Allison DeYoung's 11th and 12th grade English students enjoying graphic novels received from a fall HEF grant
"Graphic Novels for Our Classroom Library"
(Excerpt from Allison DeYoung's 2015 grant request.)
Graphic novels are becoming increasingly popular with teens; the colorful illustrations and interesting topics make them high interest books in my classroom. Additionally, graphic novels are especially enticing to students who read below grade level, allowing them to have rich literary experiences in an accessible way. Every year, my students request that I add more graphic novels to our shelves! The stories presented in these requested books span from ancient Chinese folktales to the American civil rights movement to the Lebanese civil war to the streets of 1990s Chicago. There is something in these books to interest every one of my students.
The appeal of graphic novels, for educators, lies in the fact that this literary genre can be different things to different readers: they can both motivate reluctant or struggling readers, and present a new challenge to regular readers looking for something new and different.
I require a great deal of independent reading from my juniors and seniors, but often when a student gets to his eleventh grade year, he hasn’t selected a book to read for fun since elementary or middle school. In fact, studies have shown that only a small percentage of students actually do the assigned class reading in high school (Heinemann Publishing, 2010). This means that when students reach my class in their junior or senior year, they haven’t had very rich or authentic literacy experiences in several years; this being the case, graphic novels can capture their attention and make reading seem easy, accessible, and fun, even for selfdescribed “nonreaders.”

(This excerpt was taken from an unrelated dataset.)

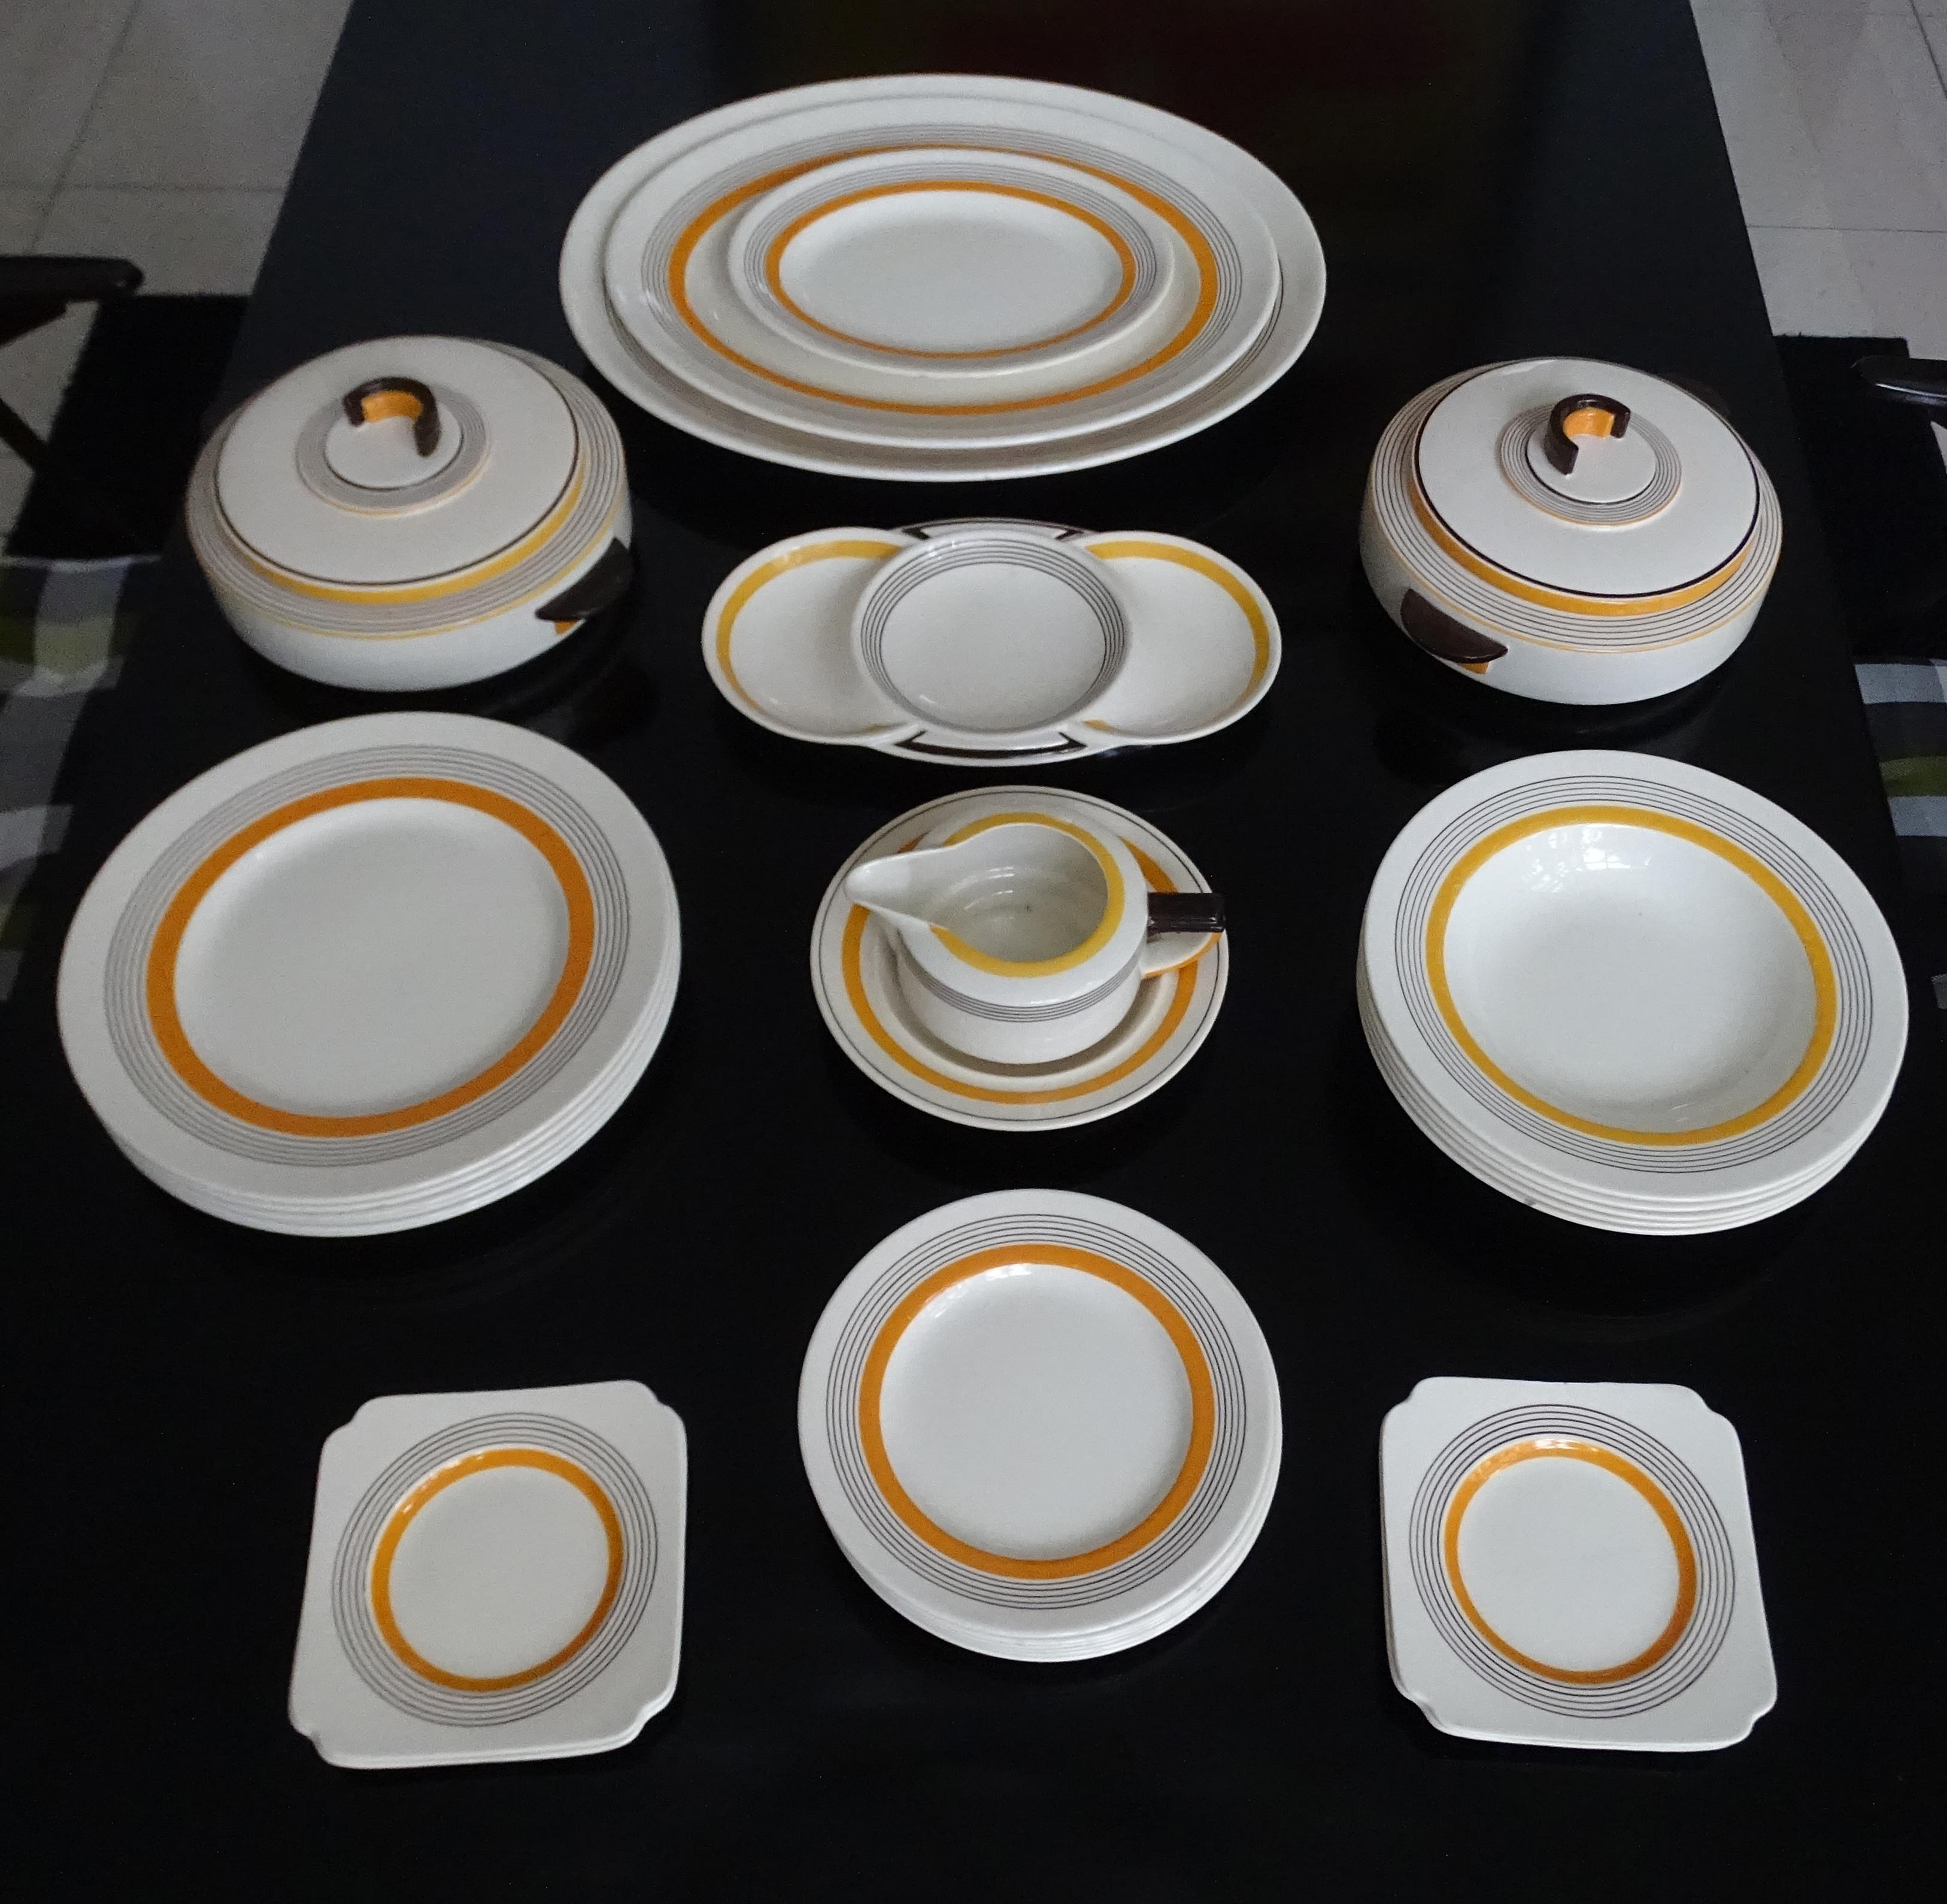 Extremely rare Art Deco dinner set manufactured by Royal Doulton during the 1930s.
The design is called Marquis, an original Art Deco style set from the 1930's which was also dubbed the casino style. It is predominantly white with five concentric

Even for students who read quite a lot, trying a graphic novel for the first time offers new challenges; Hansen writes that the “complex stories and rich character development [in graphic novels] create pleasurable challenges for readers” (2012). Additionally, although many people would dismiss graphic novels as merely longer comic books and consider them to be easy reads, in reality, the format of and artwork in graphic novels “often convey[s] a richness and depth of ideas that require interpretation and highlevel critical thinking, analysis, and evaluation skills” (Hansen, 2012).